Note that the discussion below is specific to 2024W1 offering.

---

# Reminders
- Wed-Fri: Module 7 (HtDAP) tutorial.  Attendance will be taken.
- Friday: Project milestone due.
- next Monday: Module 8 (Visualization): Pre-lecture assignment.
- next Monday: Module 5 (Arbitrary-Sized): Tutorial Resubmission.
- next Wednesday: Complete [final exam conflict form](https://ubc.ca1.qualtrics.com/jfe/form/SV_3w0efA3WAvy1pMW) if you have a conflict with our final exam slot.

See your Canvas calendar (https://canvas.ubc.ca/calendar) for details.

### A Few Useful Things

- **If you are feeling distressed or overwhelmed then reach out and talk to somebody!** UBC has extensive resources listed on the student health page https://students.ubc.ca/health.  Use them!
- See [Piazza post @513](https://piazza.com/class/m0li3cza8an2th/post/513) for the full tutorial schedule for the rest of the term.  (Some but not all optional.)
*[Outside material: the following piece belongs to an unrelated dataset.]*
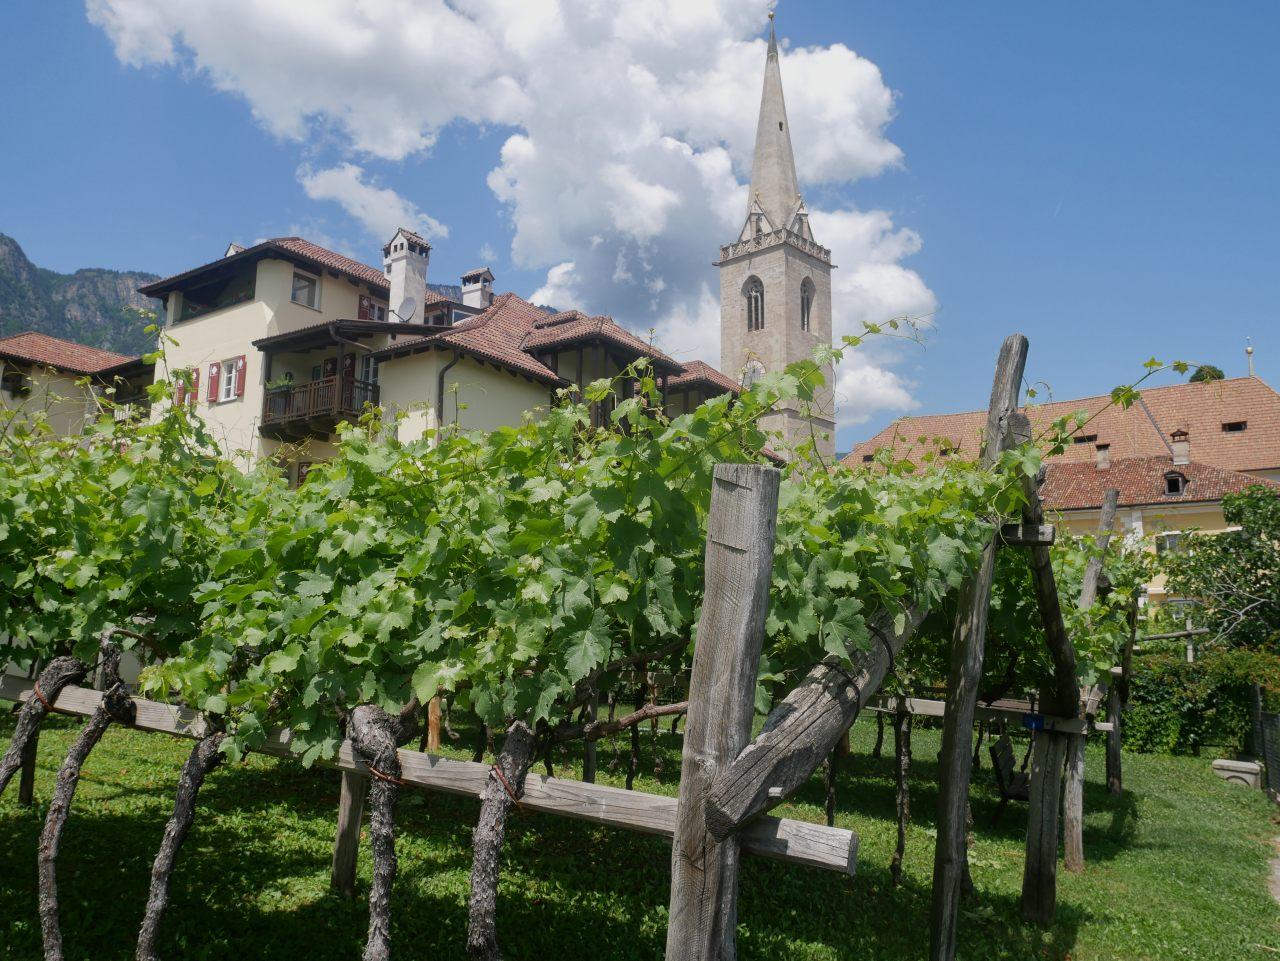 3 jours dans le Sud-Tyrole: randonnée de Caldaro/Kalten

<div class="alert alert-warning">

### ⚠️ [Project Milestone](https://canvas.ubc.ca/courses/147818/assignments/1966018)
   
**DUE:** Friday Nov 22.

You should already be working on it.
- Watch for your [mentor assignment](https://canvas.ubc.ca/courses/147818/pages/project-mentor-assignments)
- Get help:
  - [Office hours](https://canvas.ubc.ca/courses/147818/pages/schedule-tutorials-and-office-hours).
  - Optional tutorial sessions on Thursday Nov 14 and Friday Nov 15 (today and tomorrow).
  - Optional lectures on Tuesday Nov 19 (next Tuesday).
    
You do not need to design `main` and `analyze` for the milestone.
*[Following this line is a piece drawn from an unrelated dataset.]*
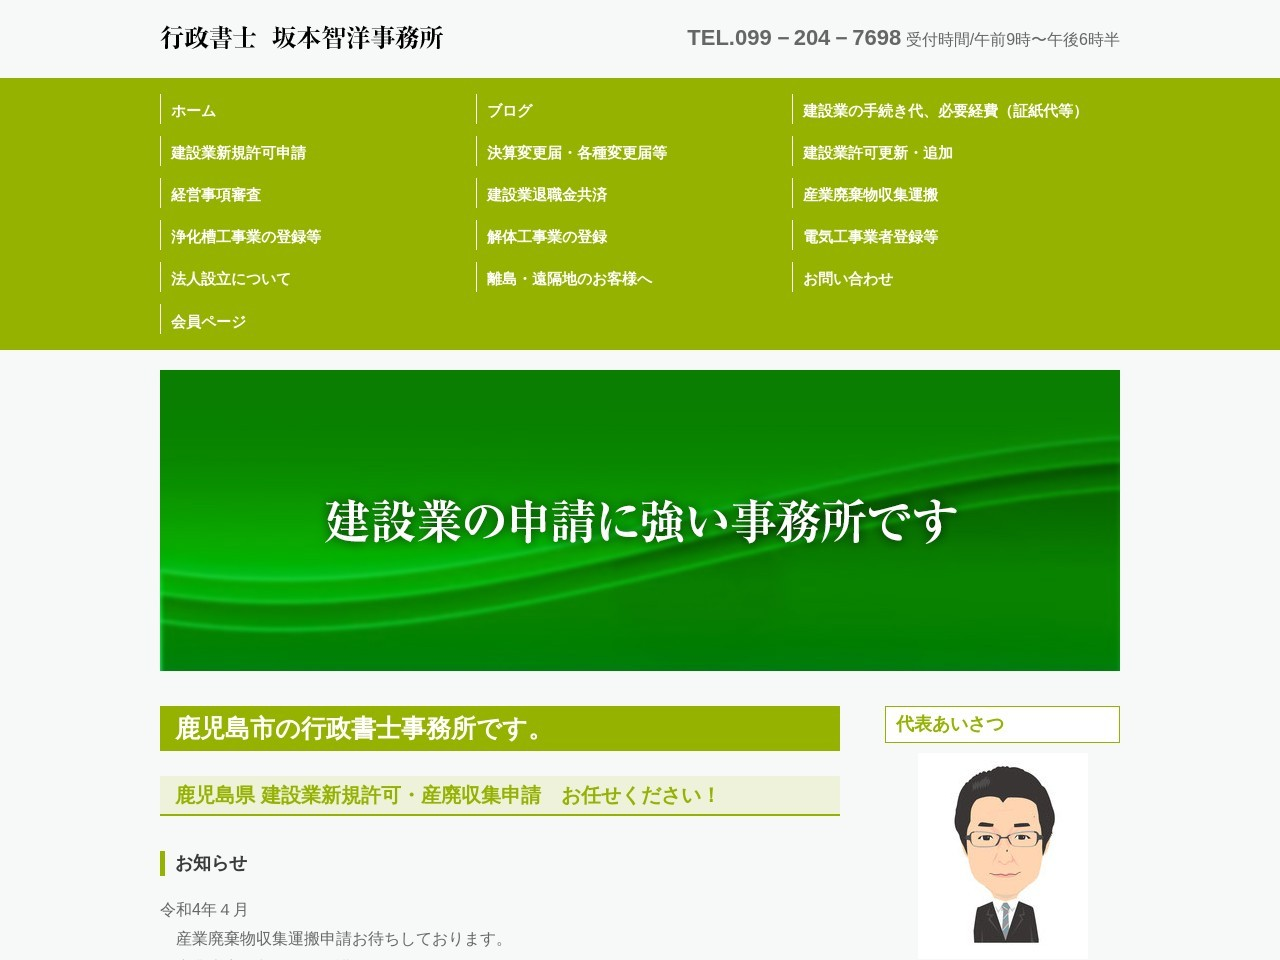 行政書士坂本智洋事務所

Review the [Project Milestone grading rubric](https://canvas.ubc.ca/courses/147818/assignments/1966018) carefully so that your submission fulfills our requirements!
    
**Syzygy may crash occasionally or become very slow as the deadline approaches, due to the volume of activity.  Be sure to start early.**

</div>

<div class="alert alert-danger">
    
### ⛔ Don't use built-in functions!
    
- For the project, you are **NOT** allowed to use built-in functions like `len`, `sum`, `min`, `max`, etc.
- Demonstrate how you would use good programming practices to implement the correct code yourself; in other words, write helper function(s).
    
</div>

---


# How to Design Analysis Programs (HtDAP)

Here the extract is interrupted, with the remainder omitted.